* [ACTION ITEM] Exact transcription, pictures omitted: reproduce the listing below.

* [THE DATA]
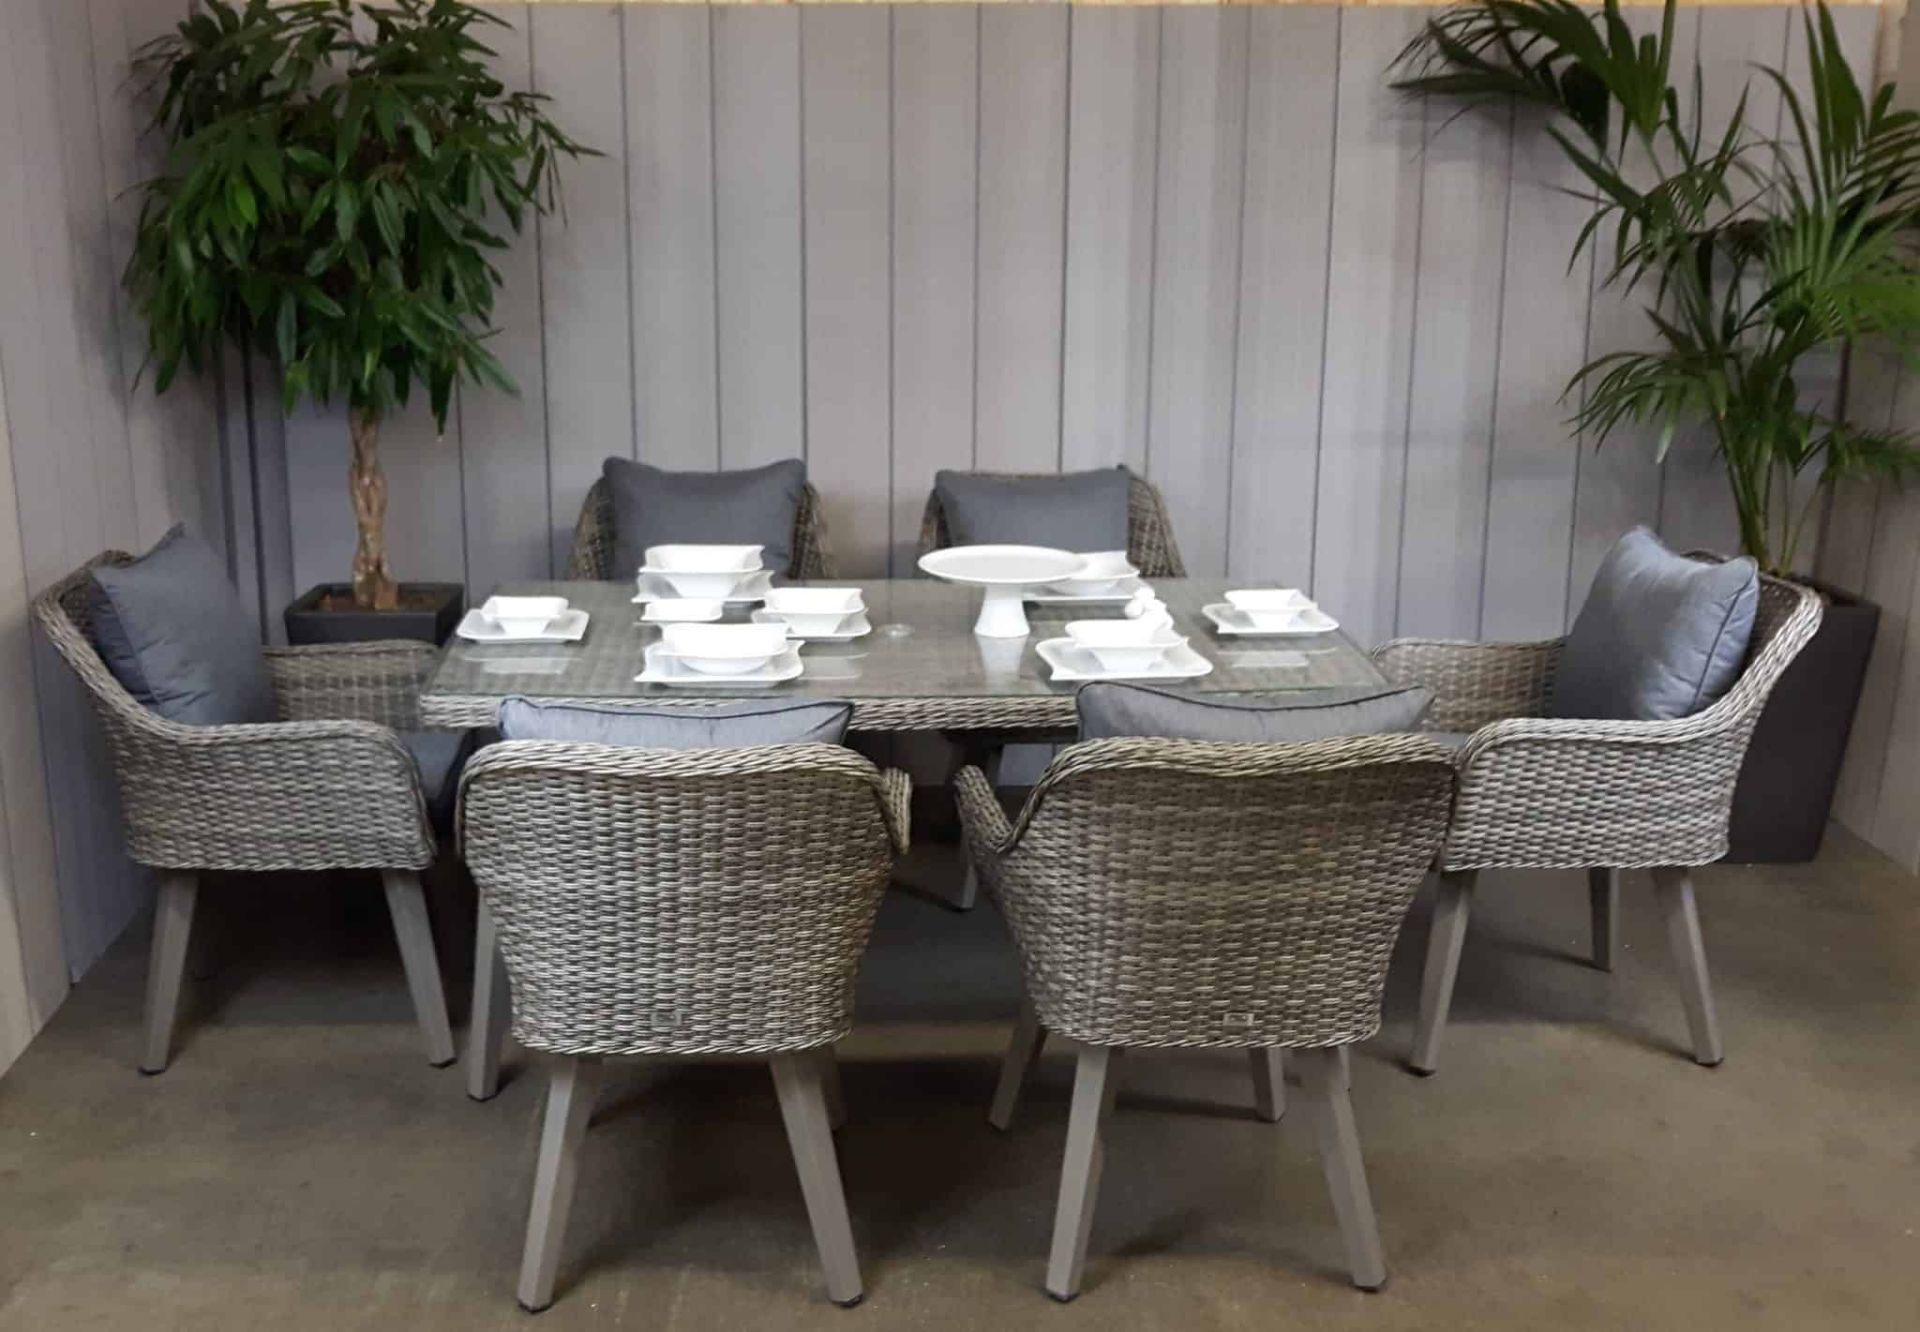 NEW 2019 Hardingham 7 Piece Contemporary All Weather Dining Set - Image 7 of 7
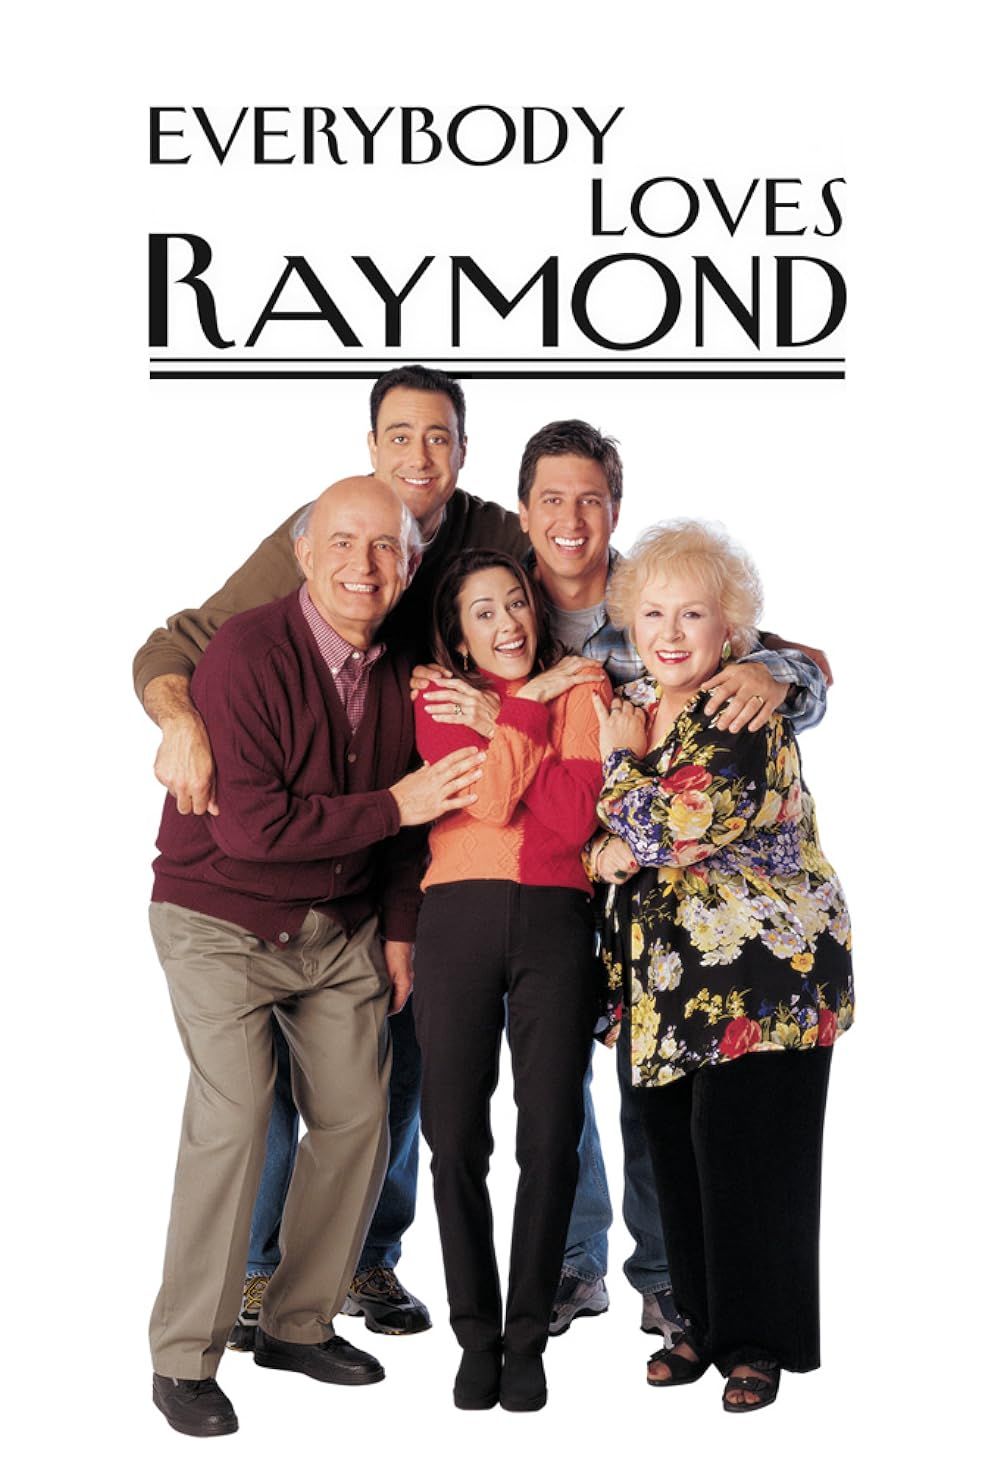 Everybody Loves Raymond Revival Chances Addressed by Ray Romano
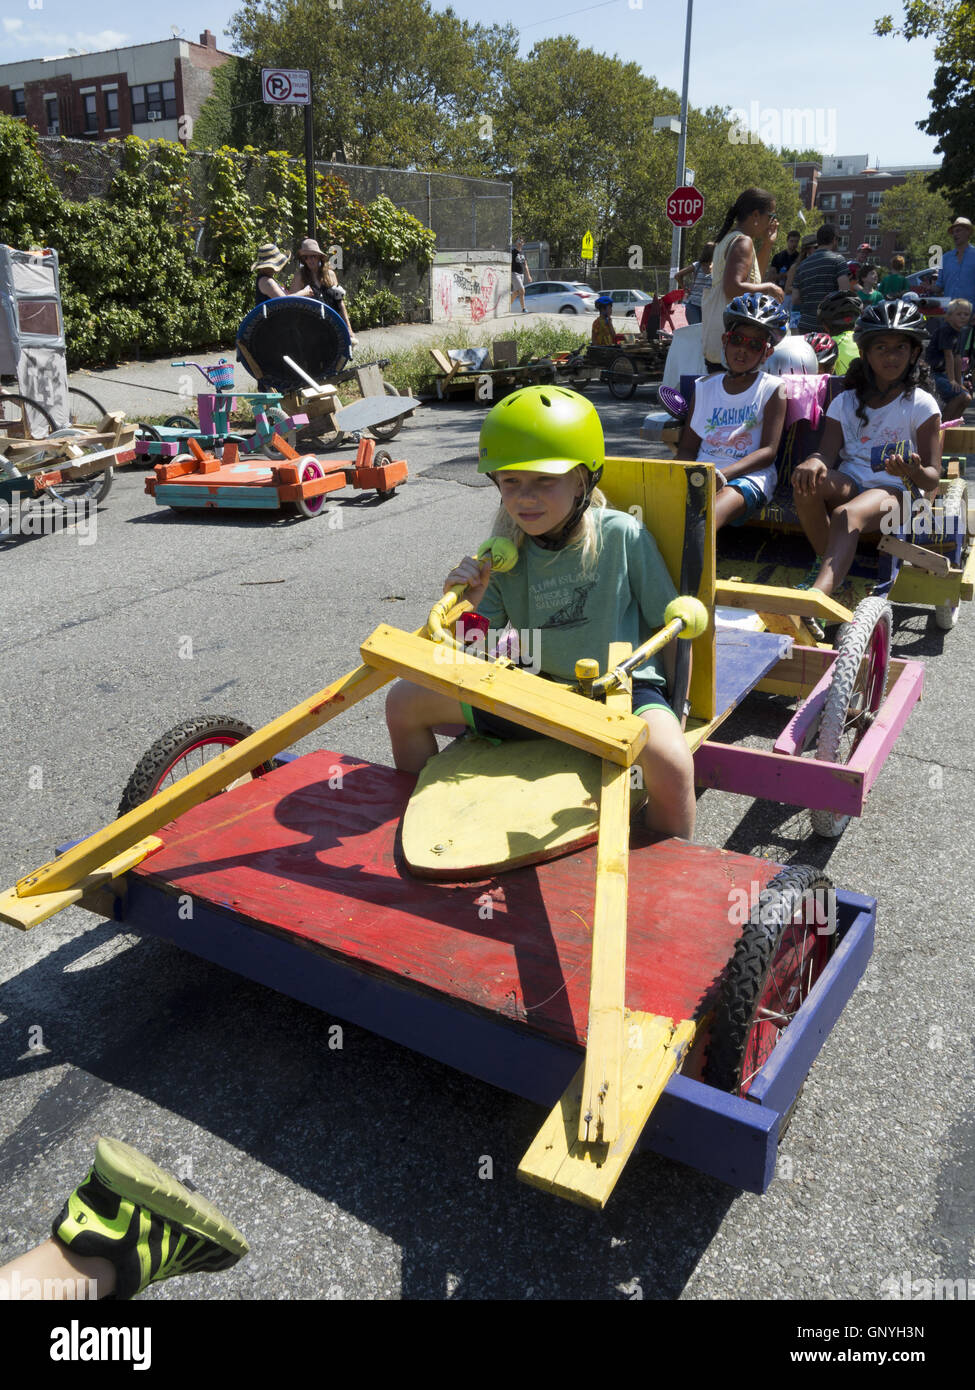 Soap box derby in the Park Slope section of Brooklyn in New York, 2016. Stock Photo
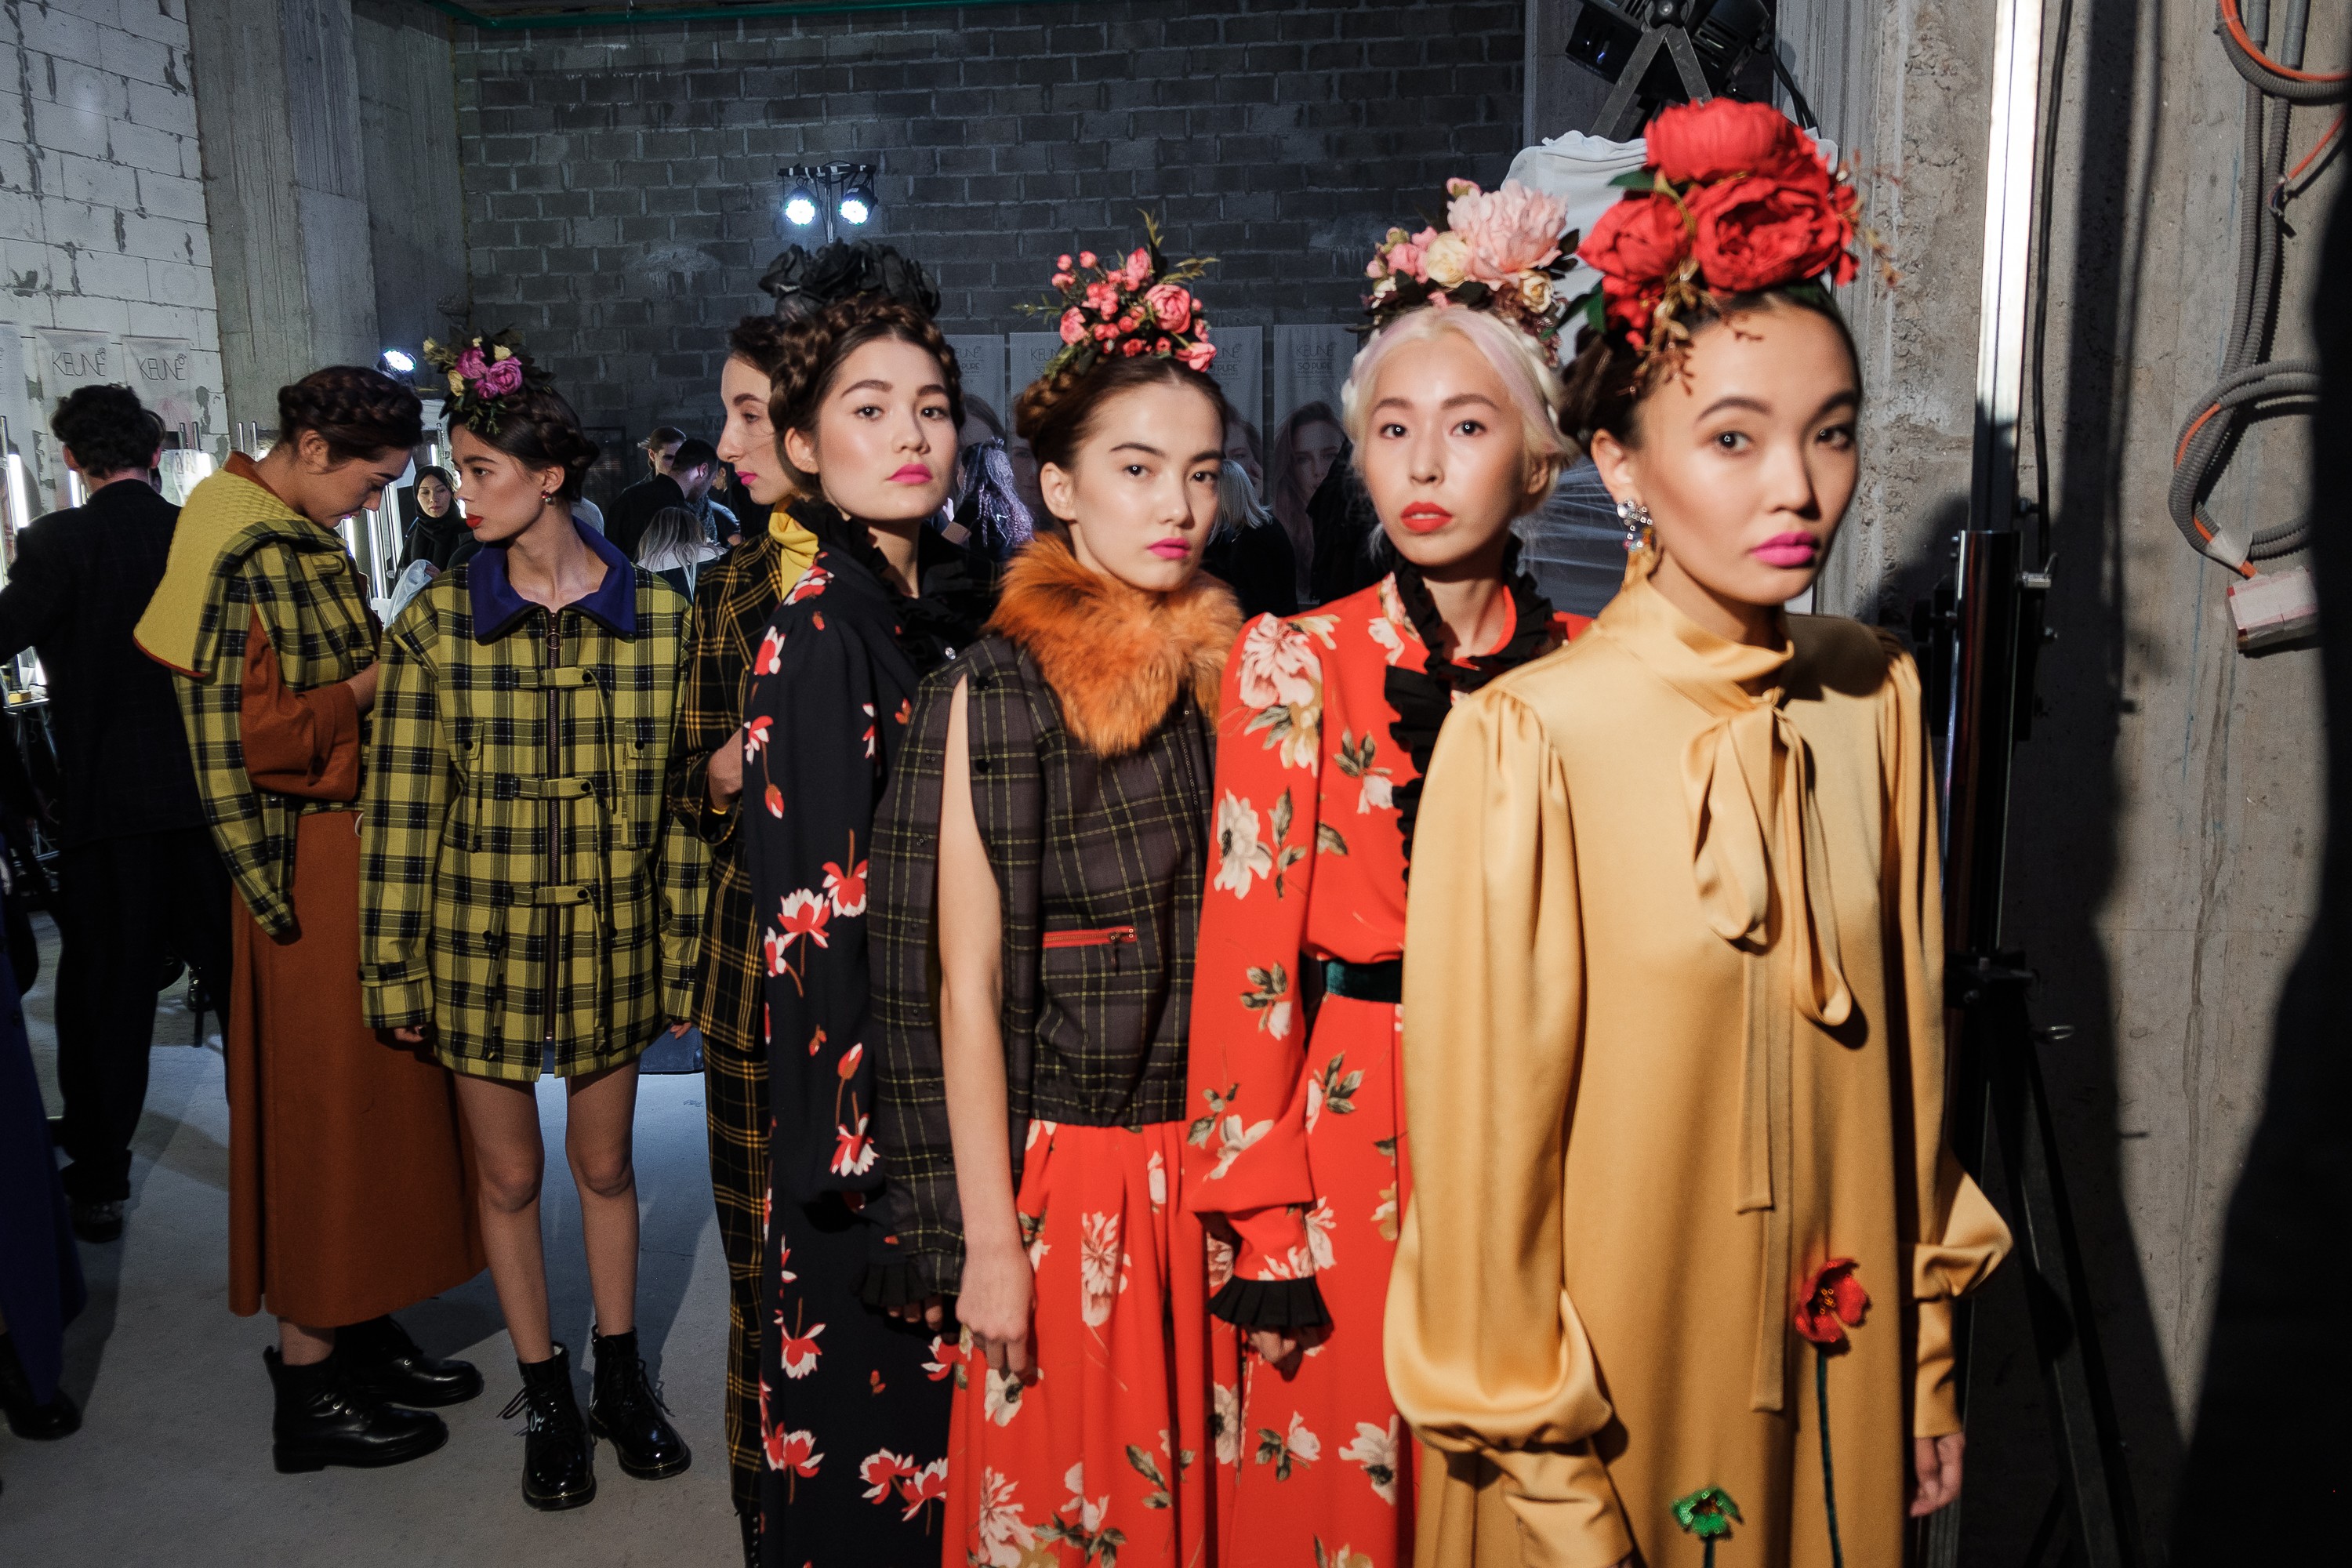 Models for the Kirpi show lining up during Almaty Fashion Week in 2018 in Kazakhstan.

* [RESPONSE TO THIS TASK]
 NEW 2019 Hardingham 7 Piece Contemporary All Weather Dining Set - Image 7 of 7
 Everybody Loves Raymond Revival Chances Addressed by Ray Romano
 Soap box derby in the Park Slope section of Brooklyn in New York, 2016. Stock Photo
 Models for the Kirpi show lining up during Almaty Fashion Week in 2018 in Kazakhstan.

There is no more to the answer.